Bearing in mind that all values estimated using the OBIA procedure were overestimated, it is observed that the estimated values calculated using the convex hull procedure are the least overestimated. The estimated values using the bounding box and oriented rectangle geometries are between the best and the worst results. On the contrary, the circle overestimated the canopy size more than other geometries. This finding makes sense since the objective of using geometries is to envelop all pixels belonging to the canopy of the tree, and the circle occupies the most extensive area because the definition of its geometry only depends on one parameter, the radius. In contrast, other geometries employed in the OBIA approach have more possibilities for adjustment. On the contrary, in the pixel-based analysis, each pixel is counted to obtain the total number of pixels belonging to a class, which is closer to the measured values, as the slope of the regression equation is closer to 1 than in the OBIA procedure.
An analysis of the error generated by the different procedures shows that the methodological approach using raster analysis has higher predictive accuracy because the error is lower [49] since the RMSE is at least half the RMSE of the OBIA approach. A more in-depth analysis of the OBIA approach shows that the RMSE values of the circle were the highest, confirming that the use of this type of geometry is the worst option. On the other hand, the RMSE values of the convex hull were lower than the others, indicating that the convex hull is the most suitable geometry to wrap the shape of the crown.
This result was expected because circles and bounding boxes are simple geometric shape approximations, but a convex hull is a computational geometry approach, and no assumptions are made about the shape of the crown, as opposed to the simple shape approximation [12]. Thus, the convex hull of a set of points is the smallest convex set that contains them [52], and therefore the area will be lower than a simple geometric shape. Several other authors have also used convex hulls in their research. Yan et al. [53] found it difficult to deal with the gaps and holes within the crown. As in the present work, they obtained overestimated computed values compared to the actual values. Wang et al. [54] employed convex hulls to reconstruct occluded apples, obtaining good results in extracting their real shape and showing that convex hulls are a good choice for shape representation and analysis. Finally, Zhu et al. [55] used convex hulls to calculate the tree crown volume, increasing their number and decreasing their size with each further iteration, finding a higher accuracy by summing up all the volumes of all these convex hulls. Therefore, this could be a way to improve the methodology presented in this paper. Furthermore, the convex hull algorithm is likely to be improved and fine-tuned to provide an improved approach for calculating crown volumes [56].
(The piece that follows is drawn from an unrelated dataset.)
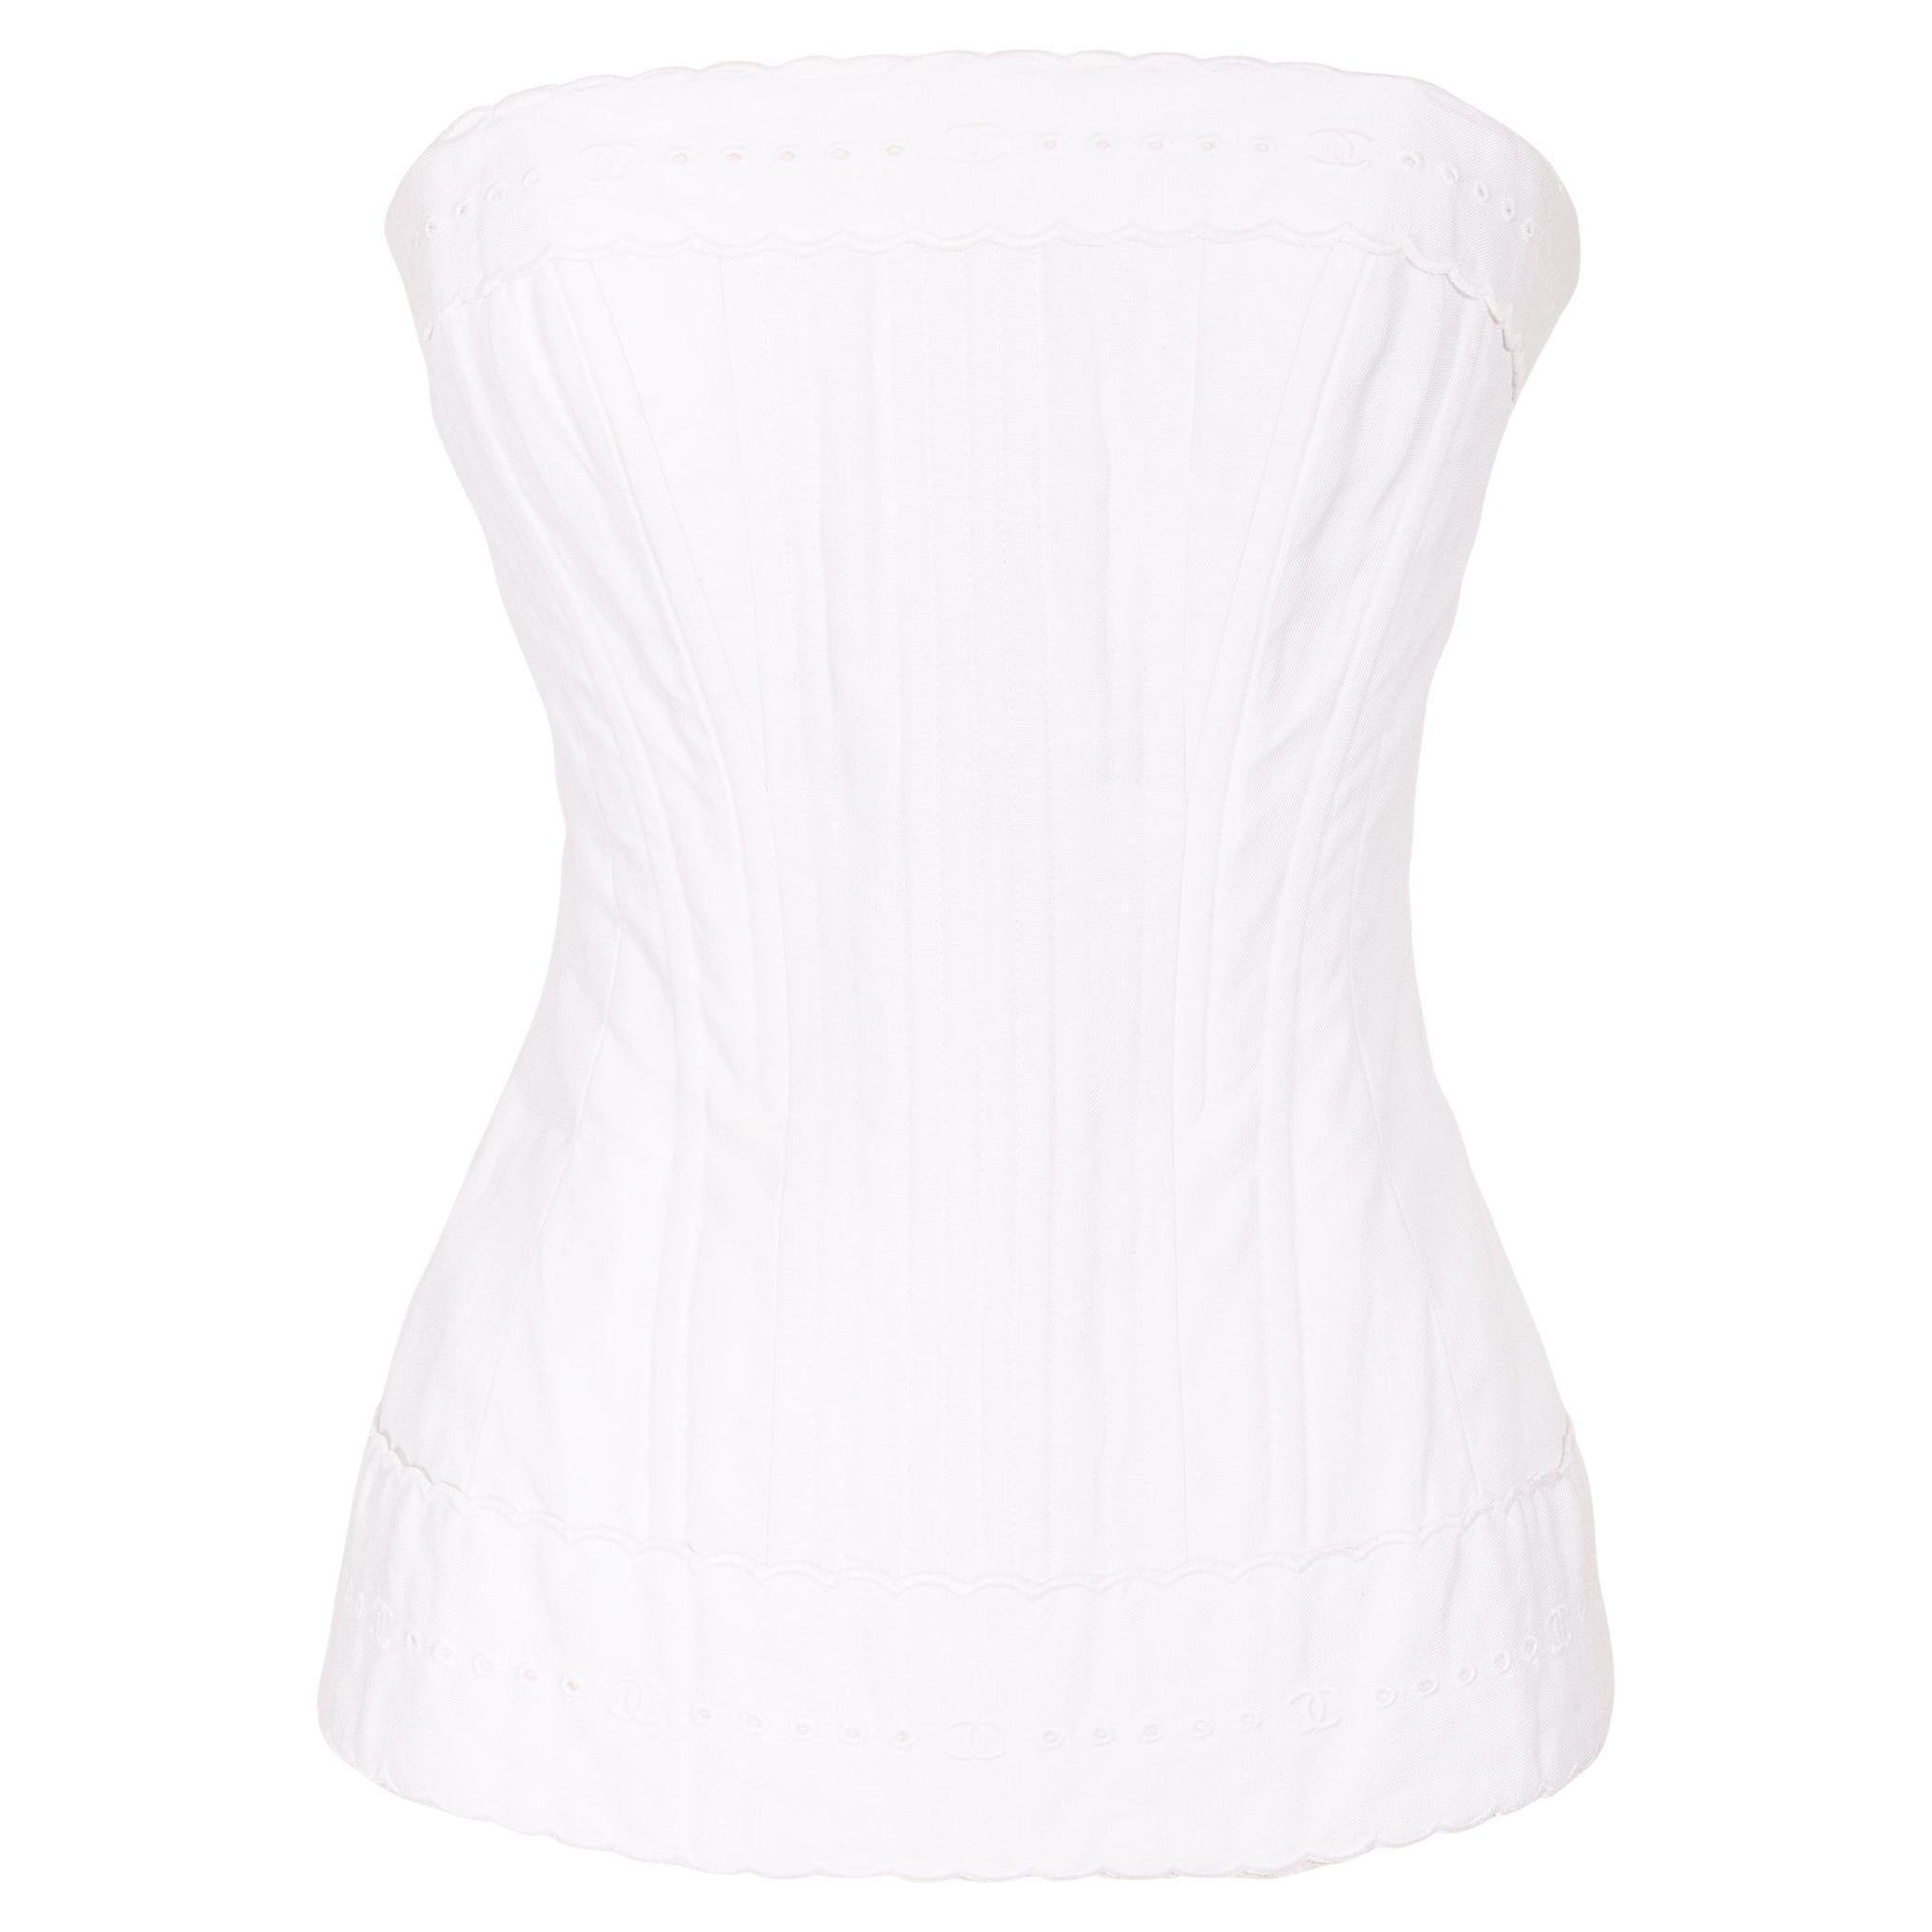 S/S 1993 Chanel by Karl Lagerfeld White Strapless Corset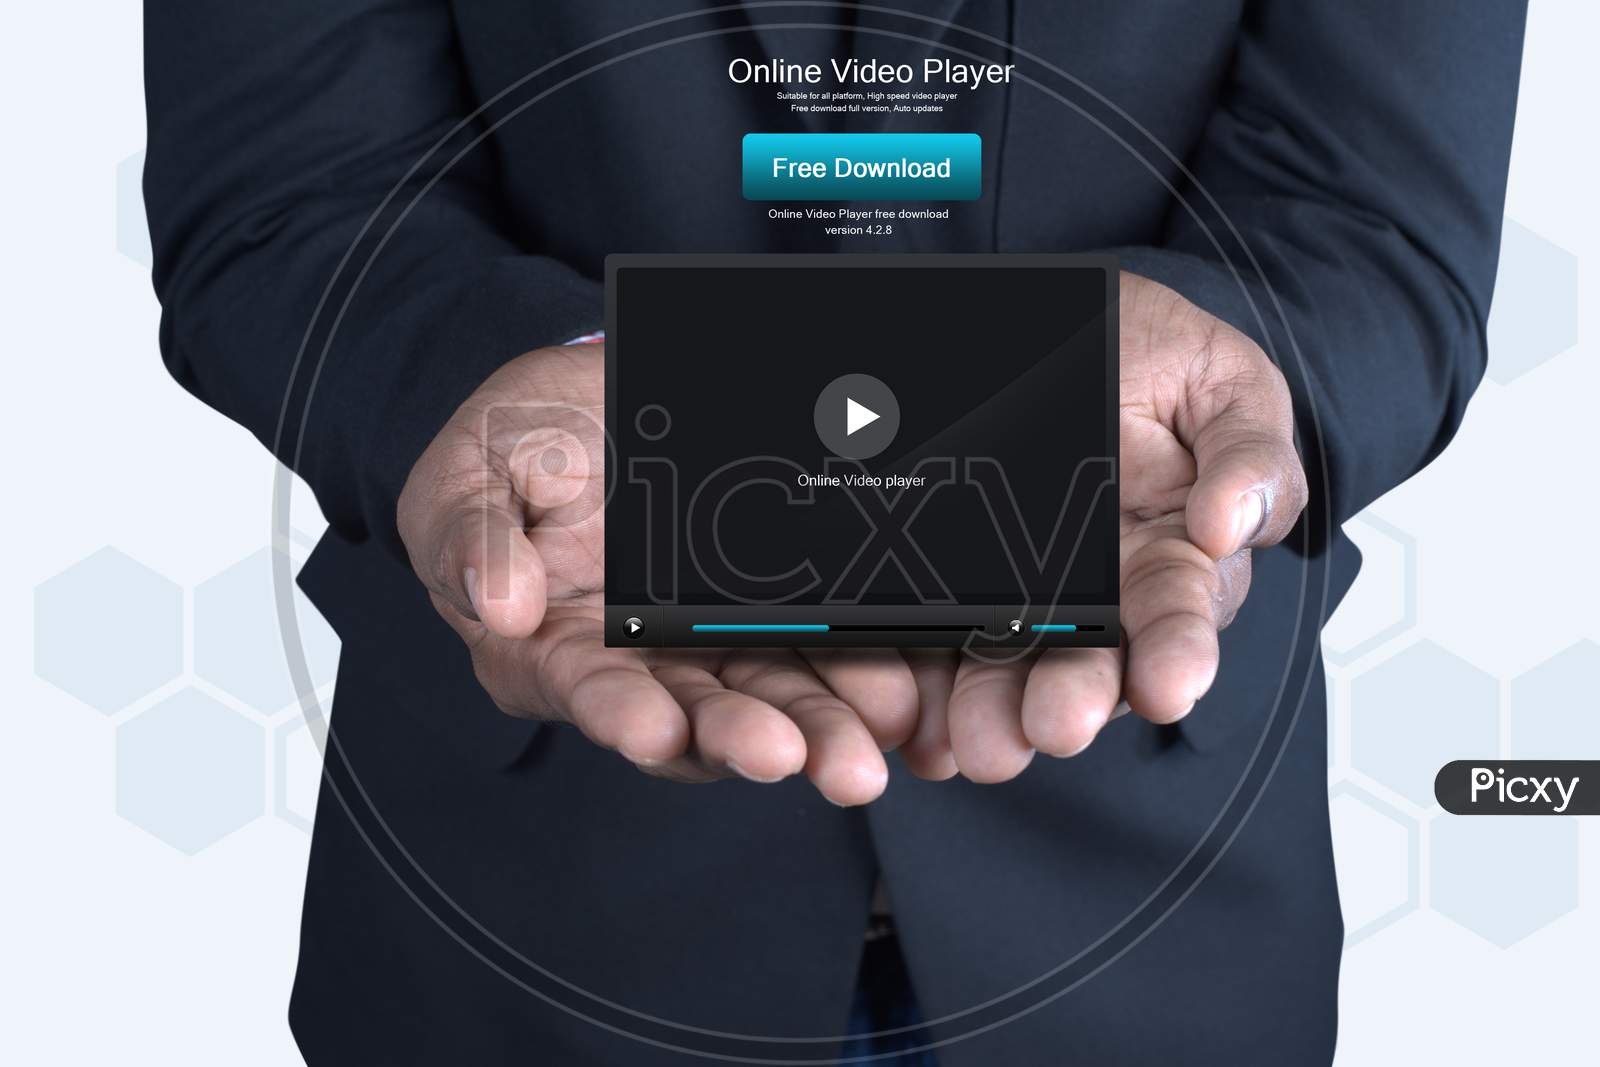 Close up shot of a Person's hands with Online Video Player

The results of the present work are relevant since it is key to estimate the crown volume accurately and quickly, as it is related to the leaf area and, therefore, to the photosynthetic capacity of the plant, which defines the plant’s ability to produce photoassimilates and determines the maximum crop load, limiting the source-sink ratio of the plant since these compounds move from leaves to nuts [57]. As a general rule, in all woody crops, the crop load is crucial as it affects the correct development of the crop [58]. Particularly, in pistachio, it is even more critical as the crop load also affects the percentage of nuts with split shells and the percentage of blank nuts. With increasing crop load, the rate of nuts with open shells decreases, as well as the ratio of empty nuts [4]. Moreover, the dimensions of the canopy and the crown volume are valuable phenotyping traits to conduct breeding programs that aim to create new cultivars adapted to climate change and new cropping systems [11].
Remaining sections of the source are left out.